• Task objective
Where the lines below hold images, skip those and copy every word exactly.

• Available data
|---|
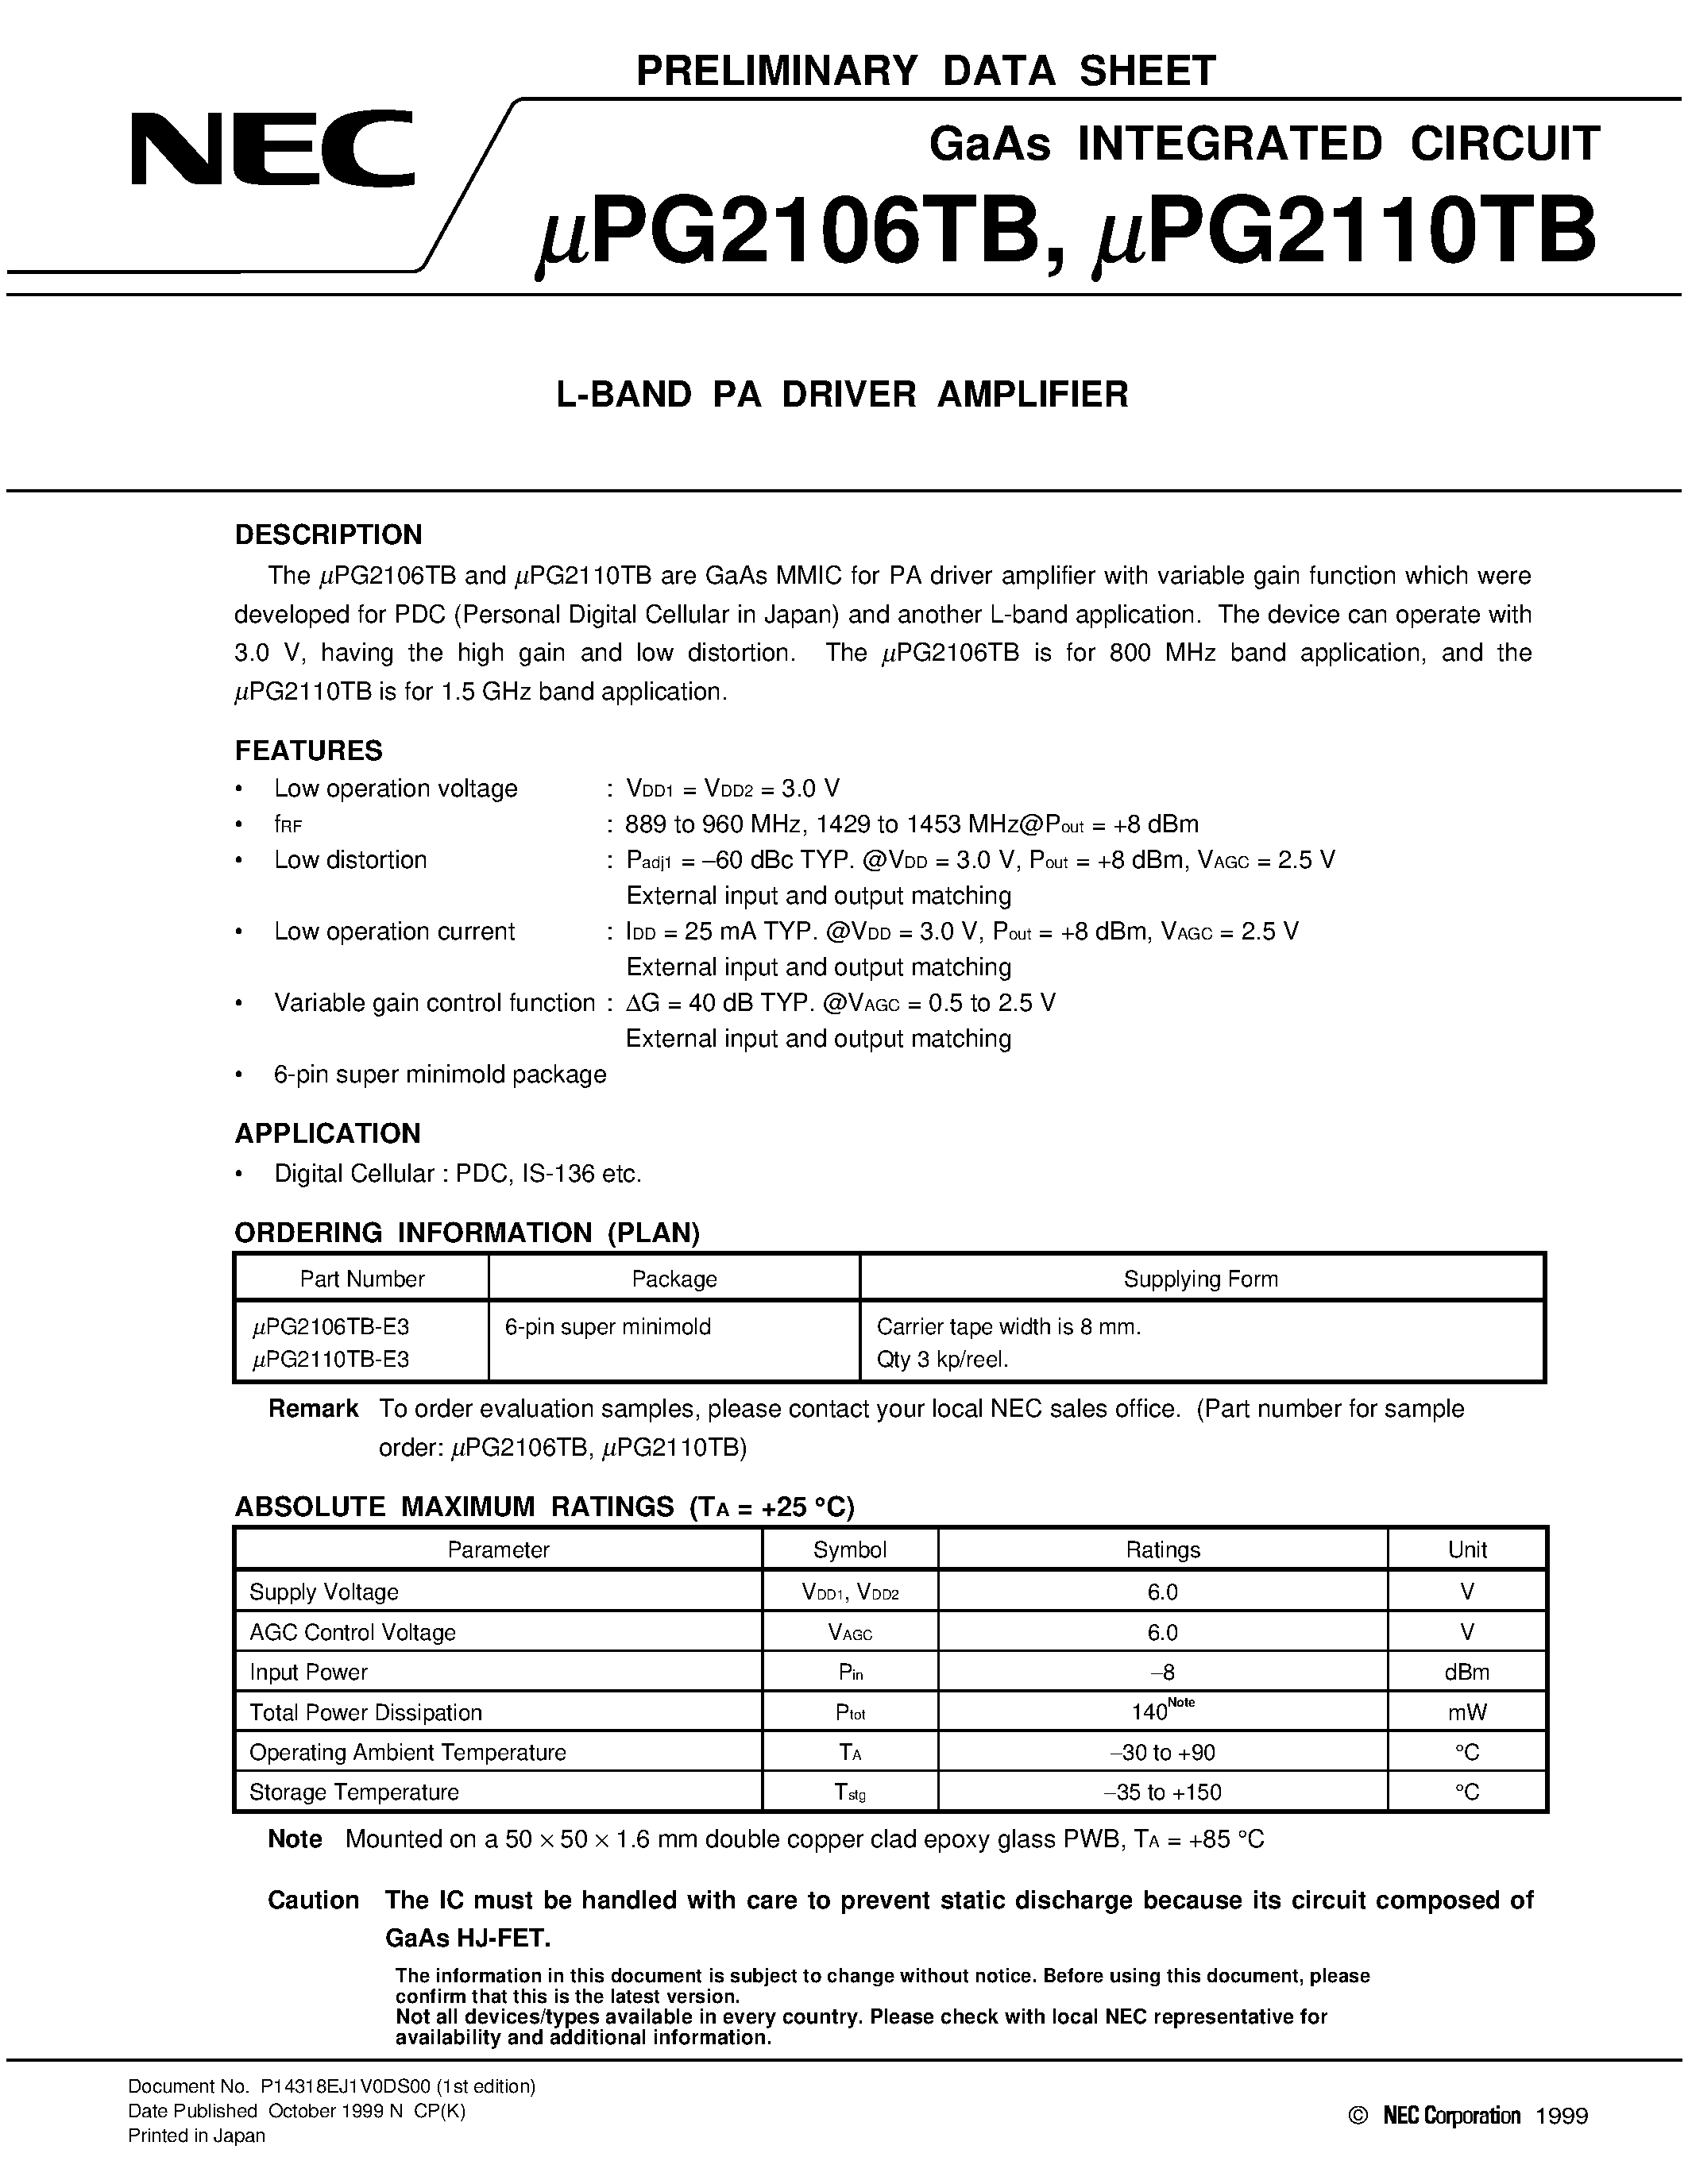 Datasheet UPG2110TB - L-BAND PA DRIVER AMPLIFIER page 1
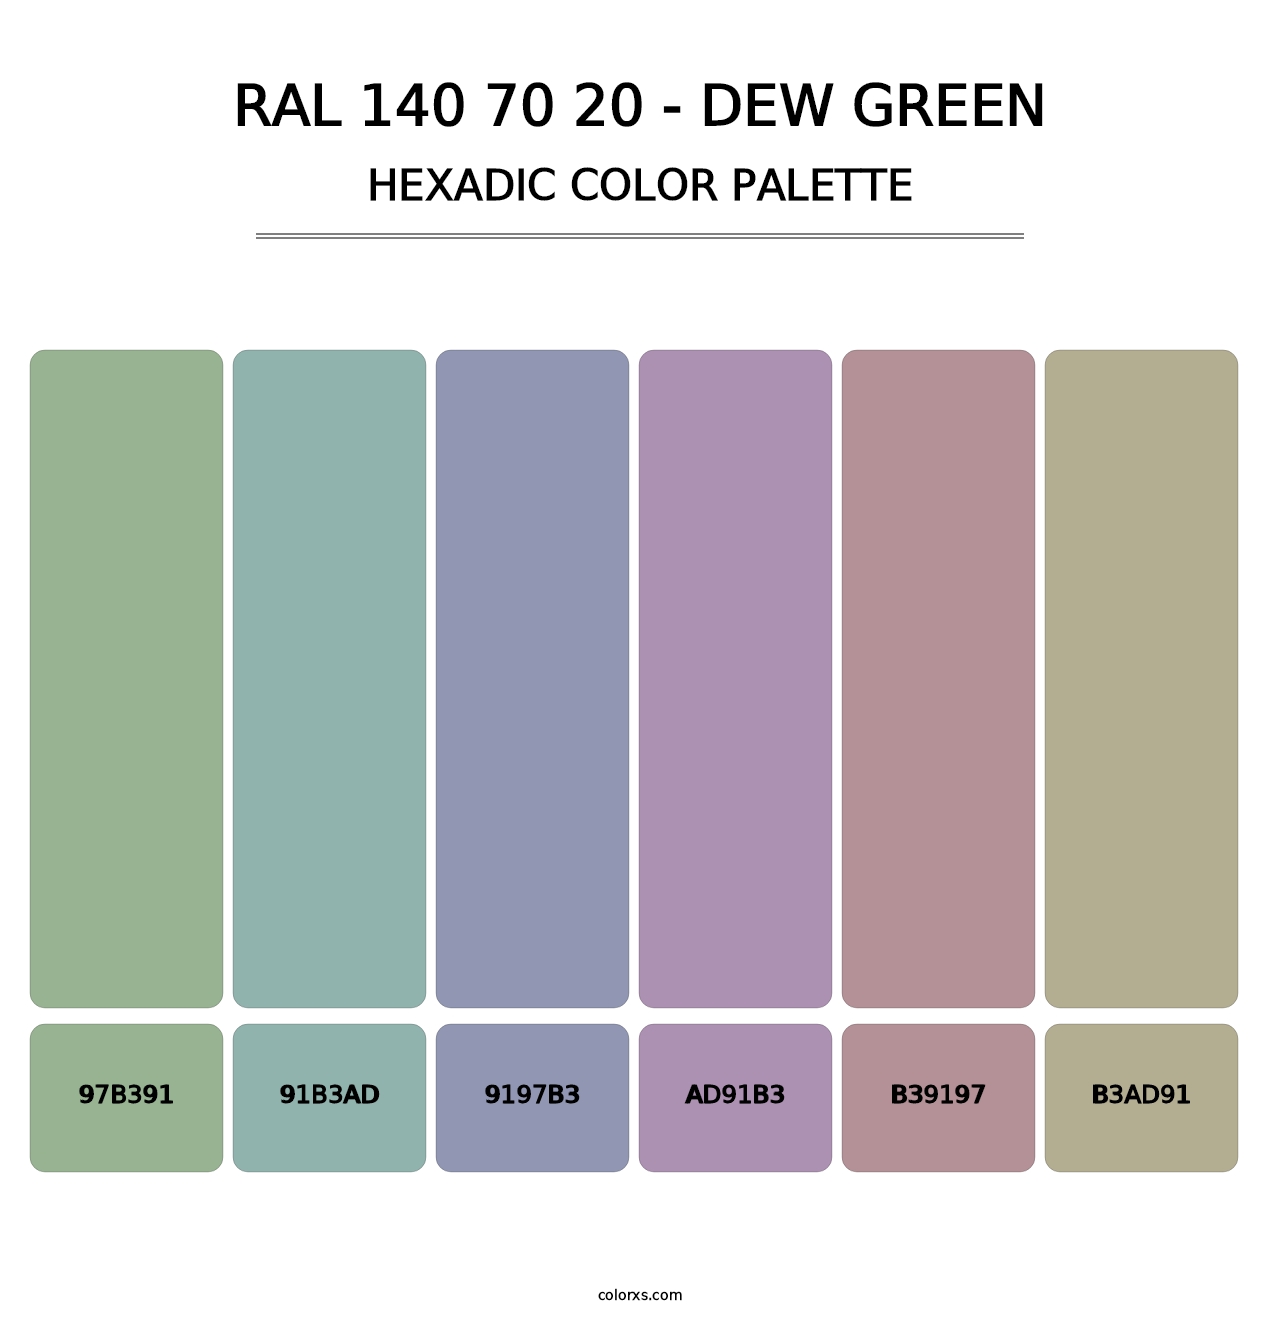 RAL 140 70 20 - Dew Green - Hexadic Color Palette
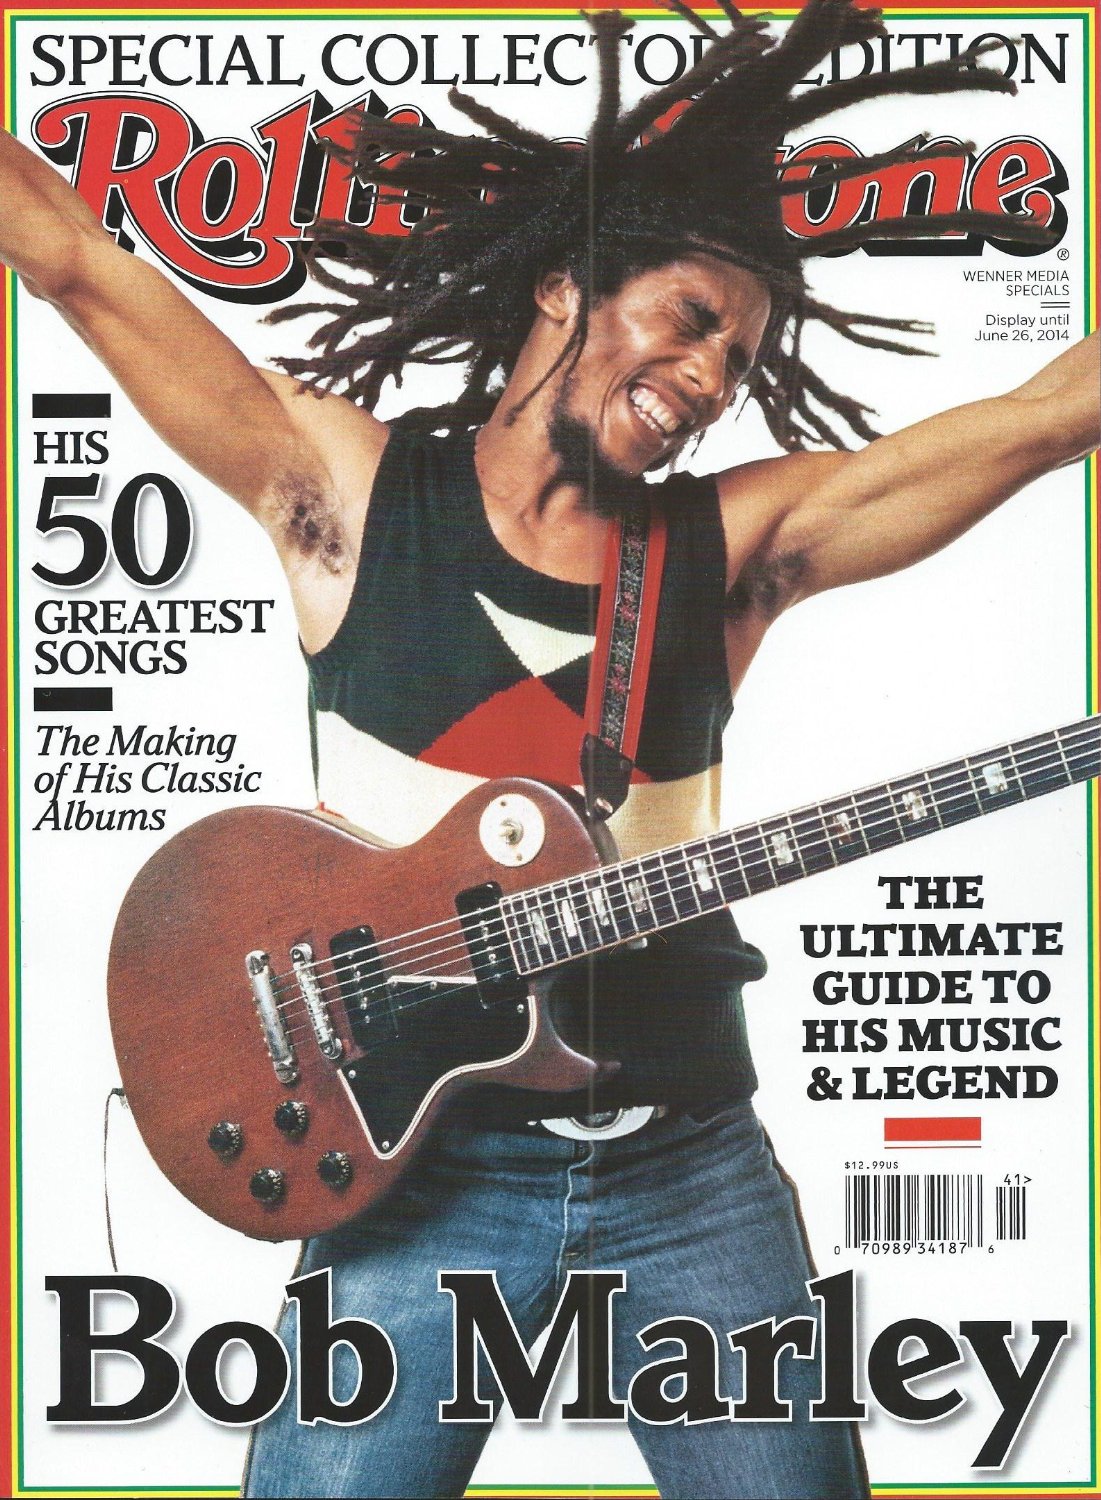 Bob Marley’s 50 greatest songs according to Rolling Stone Magazine | Reggaemani1101 x 1500
|---|
• Answer to this problem
 Datasheet UPG2110TB - L-BAND PA DRIVER AMPLIFIER page 1
 RAL 140 70 20 - Dew Green - Hexadic Color Palette
 Bob Marley’s 50 greatest songs according to Rolling Stone Magazine | Reggaemani1101 x 1500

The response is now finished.